**Task prompt:** Every line of the material is to be transcribed verbatim, with images omitted.

**Data below:**
******

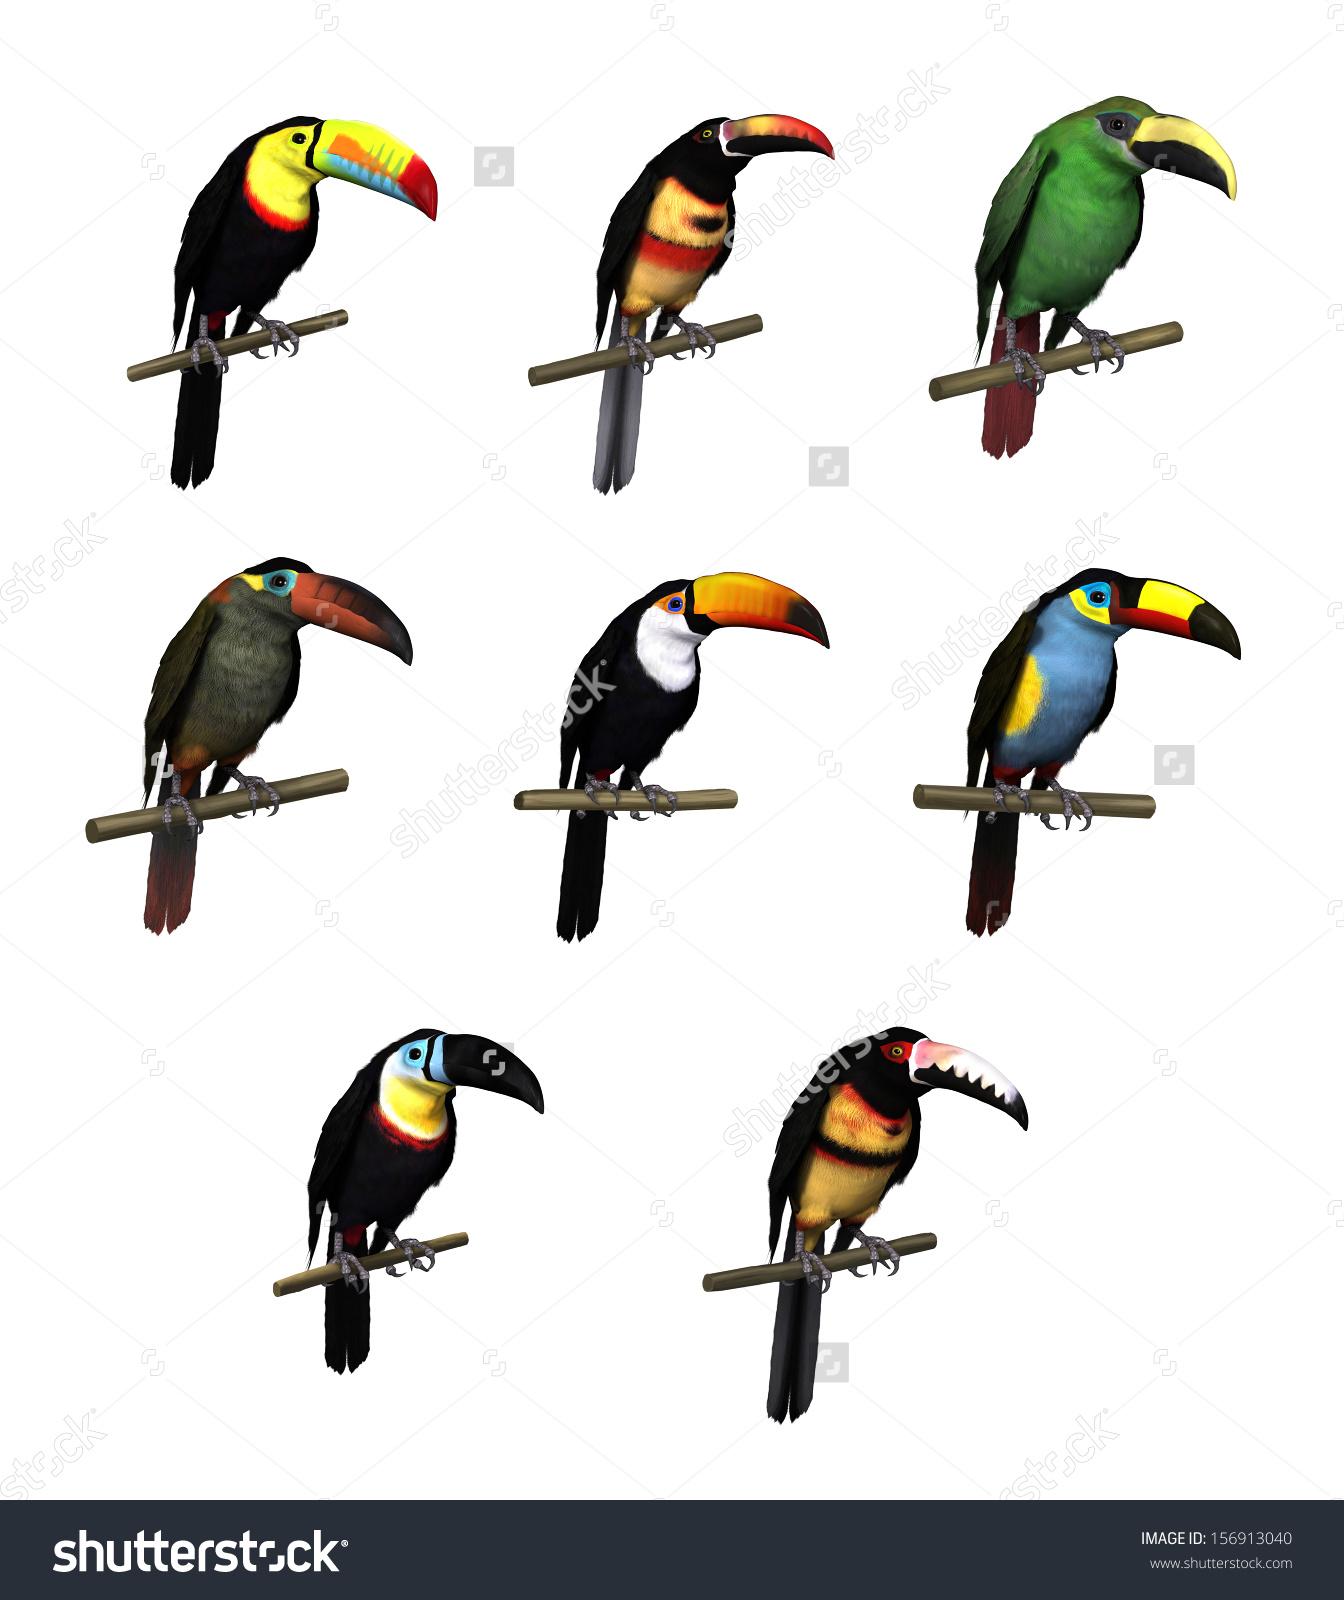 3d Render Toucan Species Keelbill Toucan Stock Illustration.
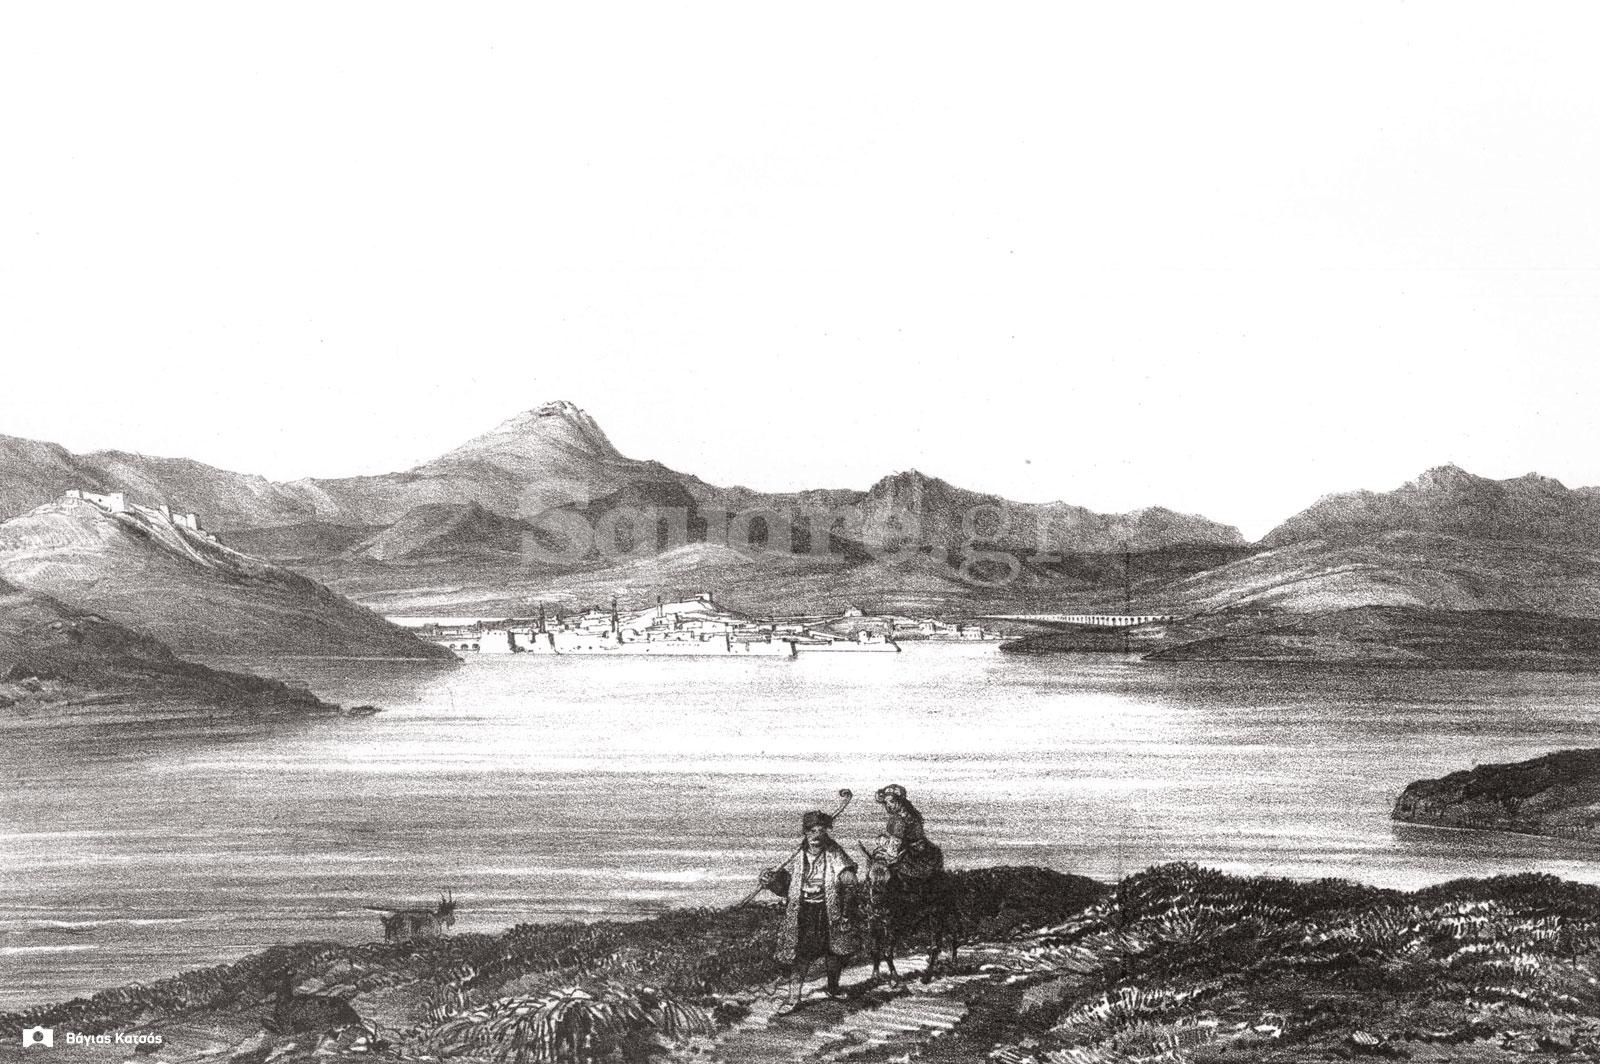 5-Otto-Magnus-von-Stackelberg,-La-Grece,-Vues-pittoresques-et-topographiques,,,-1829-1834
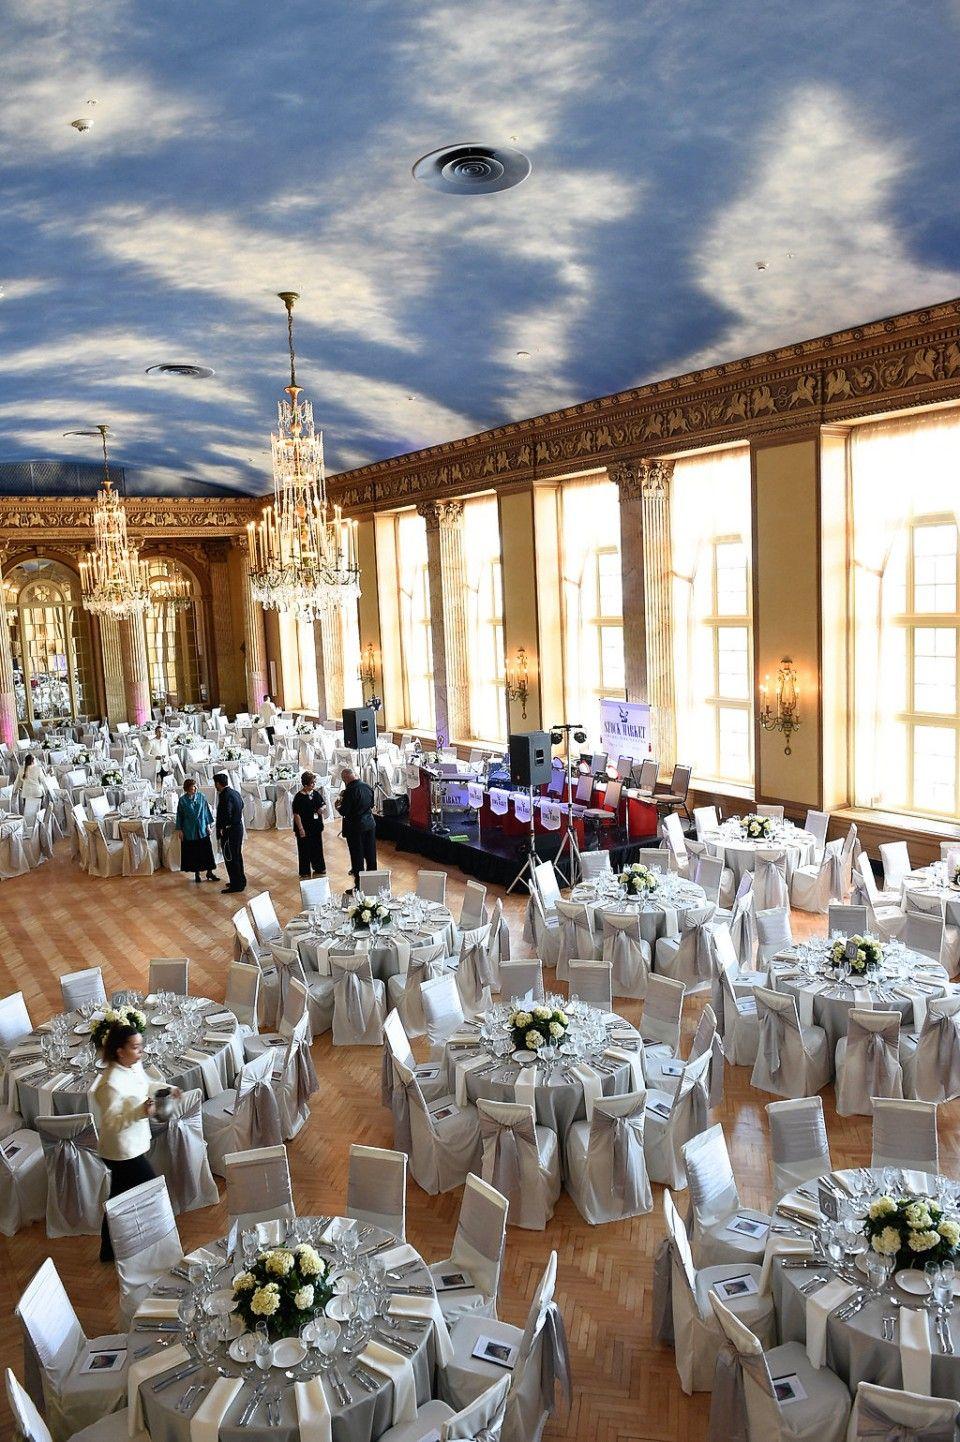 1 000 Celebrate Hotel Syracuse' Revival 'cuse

******

**Answer section:**
 3d Render Toucan Species Keelbill Toucan Stock Illustration.
 5-Otto-Magnus-von-Stackelberg,-La-Grece,-Vues-pittoresques-et-topographiques,,,-1829-1834
 1 000 Celebrate Hotel Syracuse' Revival 'cuse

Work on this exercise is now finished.